Conducting Polymer‐Based Electrochemically Tunable Filters with Spatiotemporal Spectral Tunability

Abstract Optical filters are key components to achieve spatial or temporal modulators for constructing computational miniaturized spectrometers. Conducting polymer‐based electrochemically tunable filters with spatiotemporal spectral tunability are reported, demonstrating the advantages of angle‐independence, diverse spectral modulation, high repeatability, and flexibility. By controlling the chemical doping of polyaniline solutions and films, diverse spectral modulation is achieved in the wavelength range of 350–1100 nm. To achieve temporal encoding, an electrochemically tunable filter is developed using a three‐electrode vertical device (ITO/PAni/Electrolyte (Ag/AgCl)/PEDOT/ITO), which exhibits continuous spectra with high repeatability during 100 cycles test.
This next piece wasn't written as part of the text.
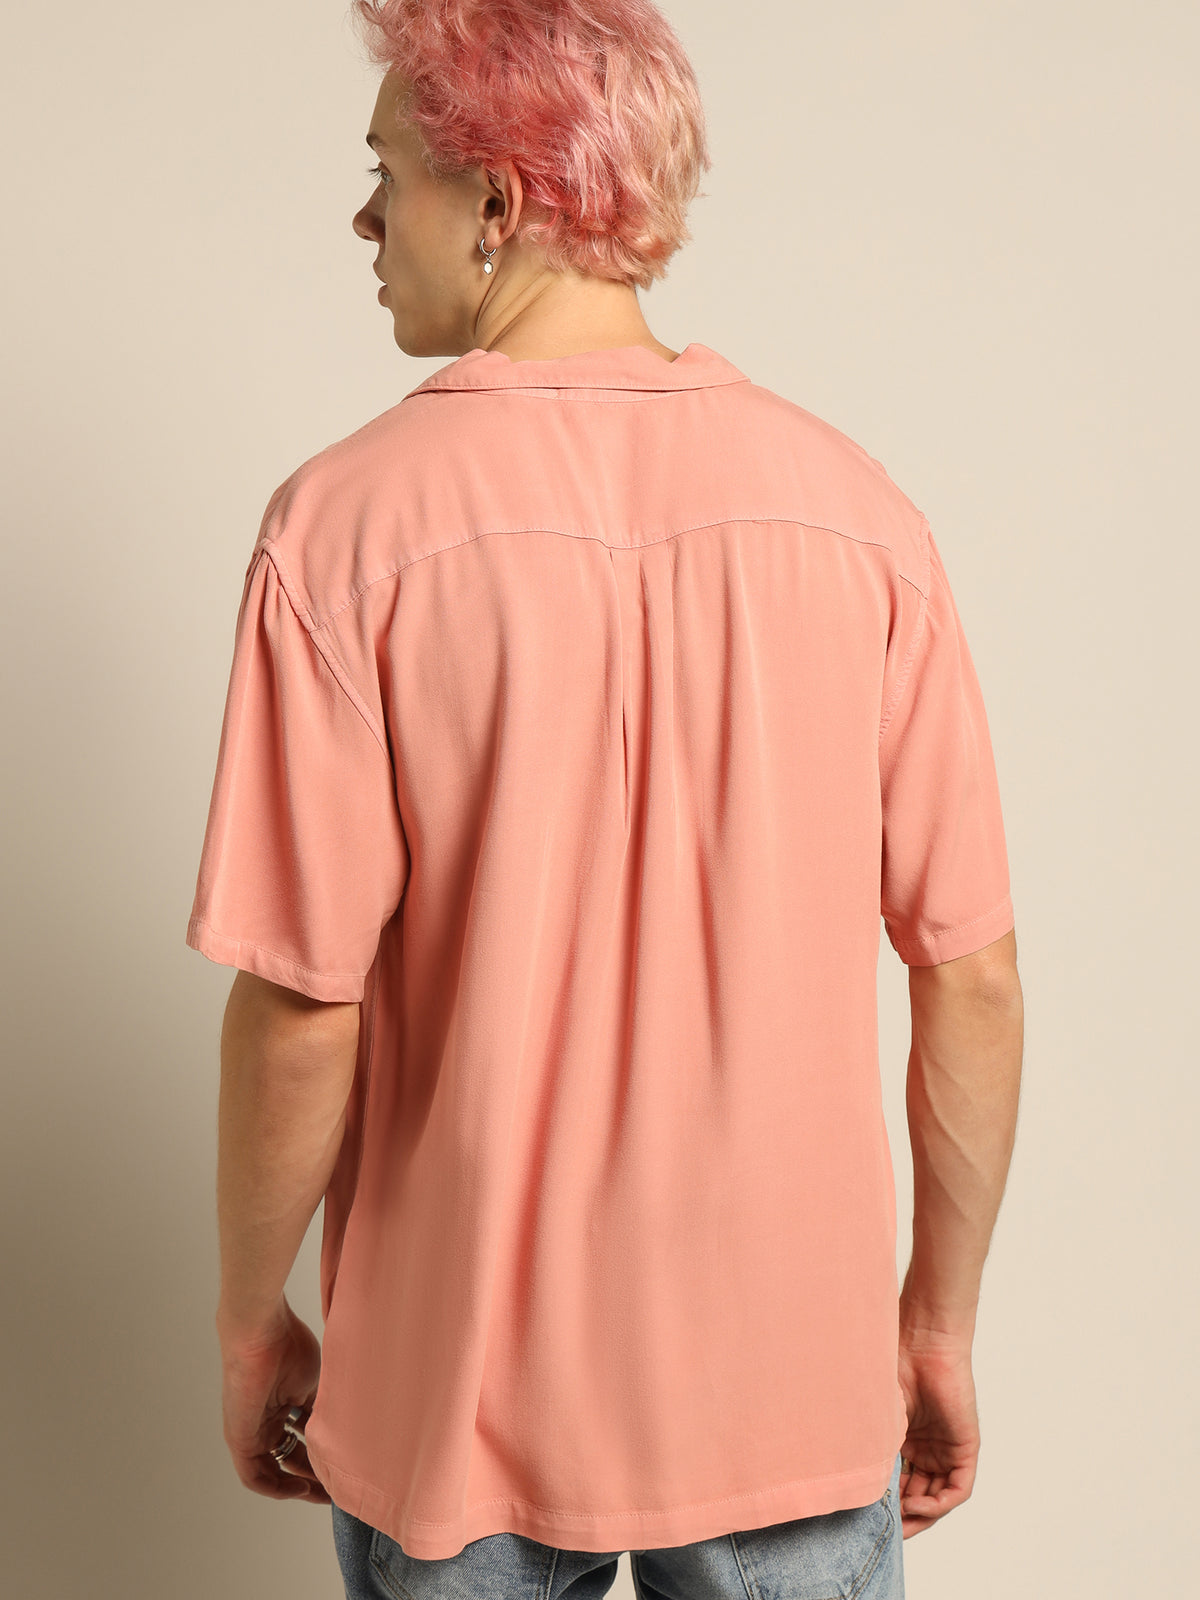 Saratoga Shirt in Pink
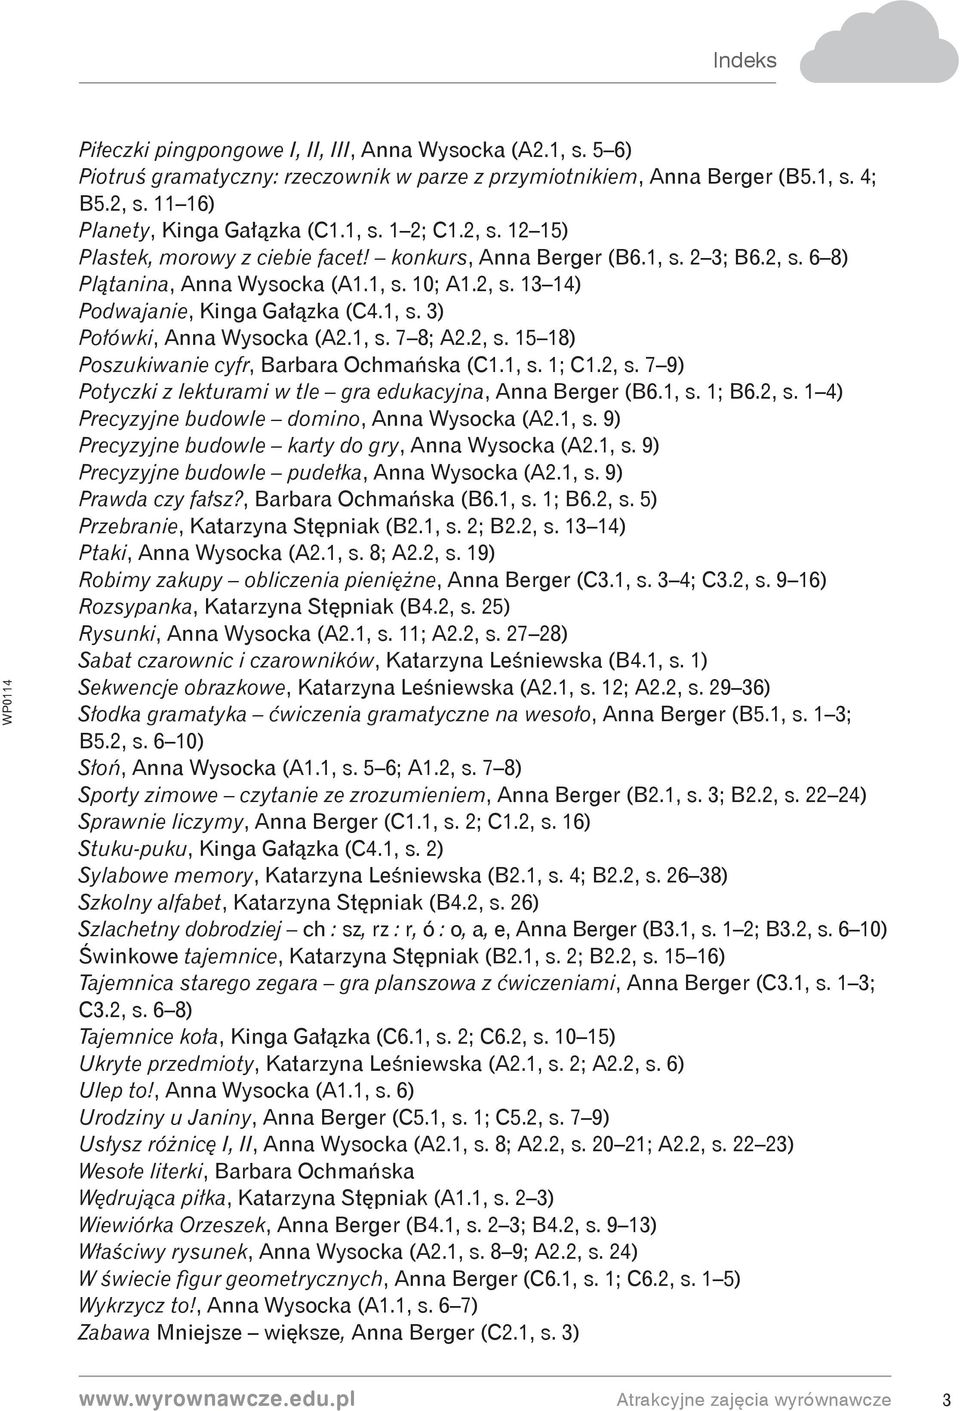 1, s. 7 8; A2.2, s. 15 18) Poszukiwanie cyfr, Barbara Ochmańska (C1.1, s. 1; C1.2, s. 7 9) Potyczki z lekturami w tle gra edukacyjna, Anna Berger (B6.1, s. 1; B6.2, s. 1 4) Precyzyjne budowle domino, Anna Wysocka (A2.

To achieve spatial encoding, a three‐electrode lateral device is developed incorporating three different conducting polymers (Cu/Electrolyte (ITO‐PAni+PPy+PEDOT‐OH)/Cu), which show gradient spectra with extensive diversity. Using a three‐electrode vertical device, a miniaturized hyperspectral imaging system with 640 × 512 pixel resolution is constructed, which can distinguish quantum dot solutions with different emission wavelengths of 10 nm. Combining the spectral tunability of a three‐electrode lateral device and a compressed sensing‐based reconstruction algorithm, a miniaturized spectrometer with a spectral resolution of ≈1 nm is further theoretically demonstrated. In summary, conducting polymer provides advanced electrochemically tunable light modulators for smart optics.